By the way, to refine this a bit
the definition used in feller is that a collection of ##n## discrete random variables (i.e. finite set of them) are mutually independent if for any combination of values (X, y, ... , w) assumed by them
##Pr\{X = x, Y=y, ... W=w\} = Pr\{X =x\}Pr\{Y = y\}...Pr\{W=w\}##
note there is ##n## random variables above (not necessarily the length of the alphabet)
what I was suggesting is that it is enough to assume that you are interested in the first ##n-1## random variables but not the ##n##th one, but nevertheless know that they are mutually independent. (Use of induction/recursion then gives the result for the ##k## random variables you are actually interested in for ##k \in \{2, 3, ..., n-1\}##)
- - - -
Since the random variables are discrete, the sample space is discrete and there is a natural correspondence with integers. Our attention is really on the correspondence here with ##W##'s sample space.
So you may define events:
##A_1: = \text{event that X = x, Y=y, ..., W=}w^{(1)}##
##A_2: = \text{event that X = x, Y=y, ..., W=}w^{(2)}##
##A_3: = \text{event that X = x, Y=y, ..., W=}w^{(3)}##
and so on
- - - -
(some technical nits: the above may not be totally satisfying with respect to ordering though we could easily clean this up via the use of conditional probabilities-- i.e. we can divide each side by ##Pr\{X = x, Y=y, ...,V=v\}## when that probability is non-zero and the zero probability cases need a little more care but ultimately can be ignored -- i.e. the implication is that for any positive probability event of ##w## if the right hand side is zero, it must be because the product of n-1 terms is zero which gives the desired relation and our analysis of events is only concerned with the positive probability sample points of original ##w## as the zero probability events for ##w## have no impact in the marginalization process that we're doing here-- but I think that all this is obscures the argument too much.)
- - - -
Now we know the relationship, by assumption:
##Pr\{X = x, Y=y, ... W=w\} = Pr\{X =x\}Pr\{Y = y\}...Pr\{W=w\}##
where I introduce random variable ##V## as the (n-1)th one -- hopefully that doesn't confuse things.
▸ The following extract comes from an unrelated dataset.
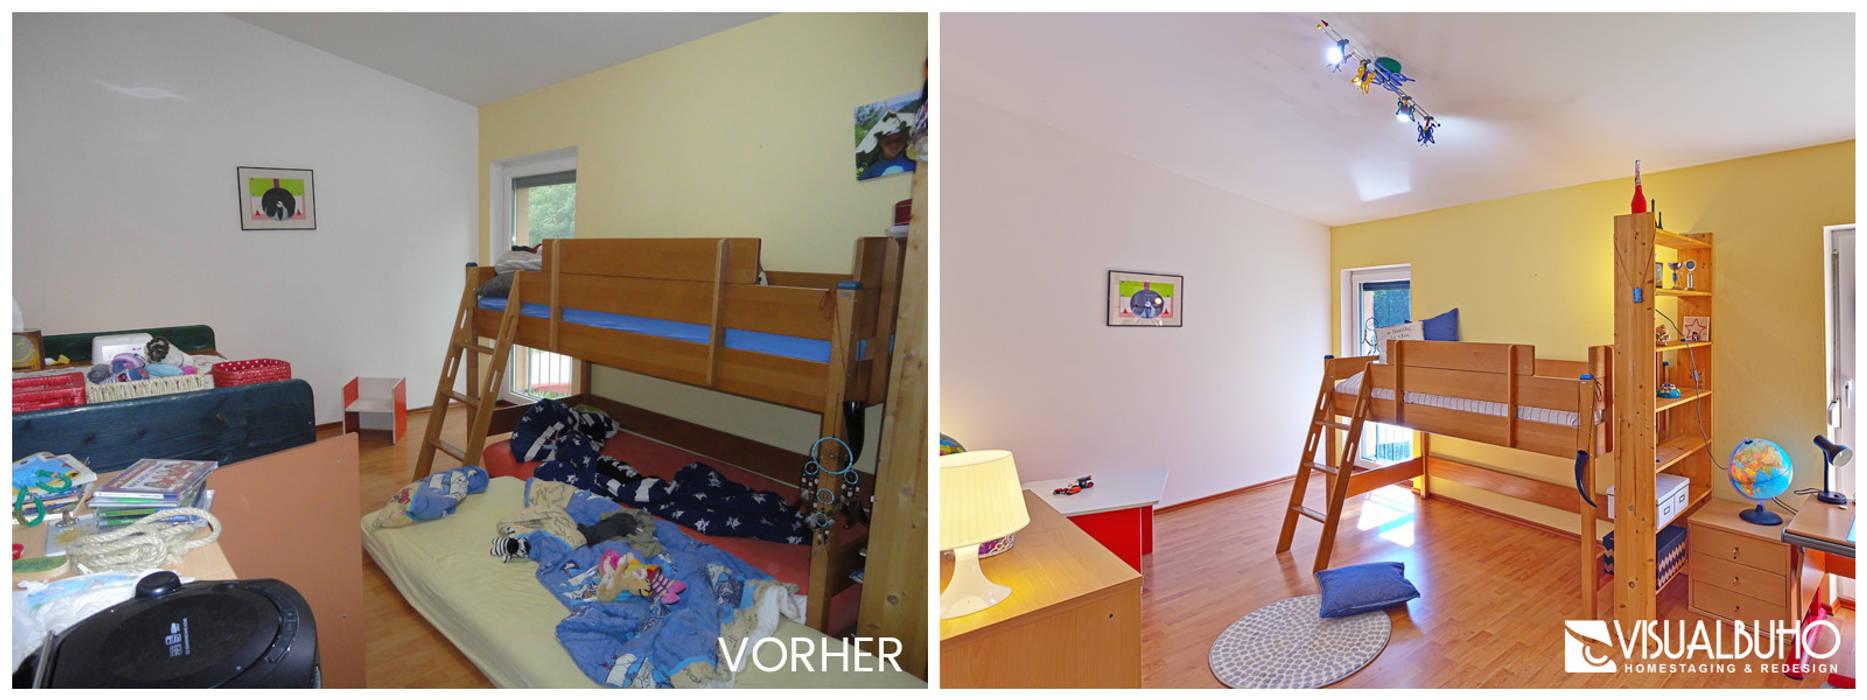 Vorher Nachher Kinderzimmer Kinderzimmer Von Visual Buho
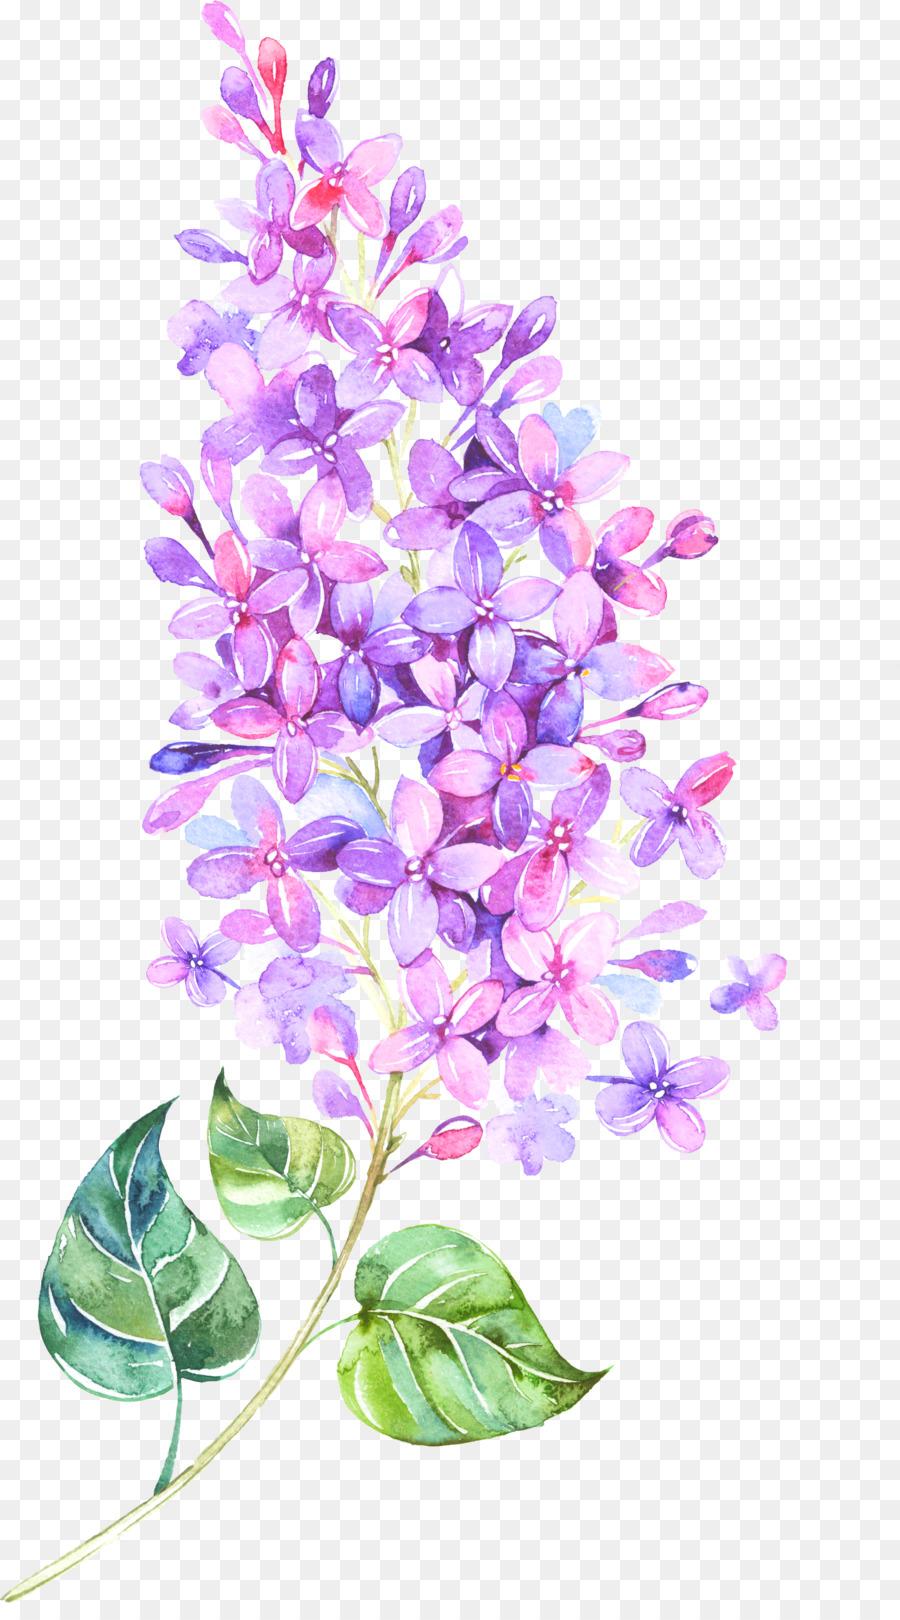 Flower Lilac Violet Clip Art Floating Flower Png Download 1968

so summing over ##w##, we have
##\Big(Pr\{A_1\}+Pr\{A_2\} + Pr\{A_3\}+... \Big)= \sum_w Pr\{X = x, Y=y, ... W=w\}##
##= \sum_w Pr\{X =x\}Pr\{Y = y\}...Pr\{V = v\}Pr\{W=w\}##
##= Pr\{X =x\}Pr\{Y = y\}...Pr\{V = v\}\sum_w Pr\{W=w\} ##
which, because summing over all w on the RHS sums to one, simplifies to
##\Big(Pr\{A_1\}+Pr\{A_2\} + Pr\{A_3\}+... \Big)= Pr\{X =x\}Pr\{Y = y\}...Pr\{V = v\}##
from here, apply Boole's Inequality (/ Union Bound) and see
##Pr\{X = x, Y=y, ..., V=v\} = Pr\{A_1 \cup A_2 \cup A_3 \cup ... \}\leq \Big(Pr\{A_1\}+Pr\{A_2\} + Pr\{A_3\}+... \Big)= Pr\{X =x\}Pr\{Y = y\}...Pr\{V = v\}##
But this must be an equality. Two ways to reason: look at the equality conditions for Boole's Inequality (mutually exclusive events). Alternatively sum over all X, Y, ..., V, and consider that if the inequality is strict for even one of those instances then you end up with ##1= \sum_x\sum_y ... \sum_v Pr\{X = x, Y=y, ..., V=v\} \lt 1## which is a contradiction.
So the end result is:
##Pr\{X = x, Y=y, ..., V=v\} = Pr\{X =x\}Pr\{Y = y\}...Pr\{V = v\}##
as desired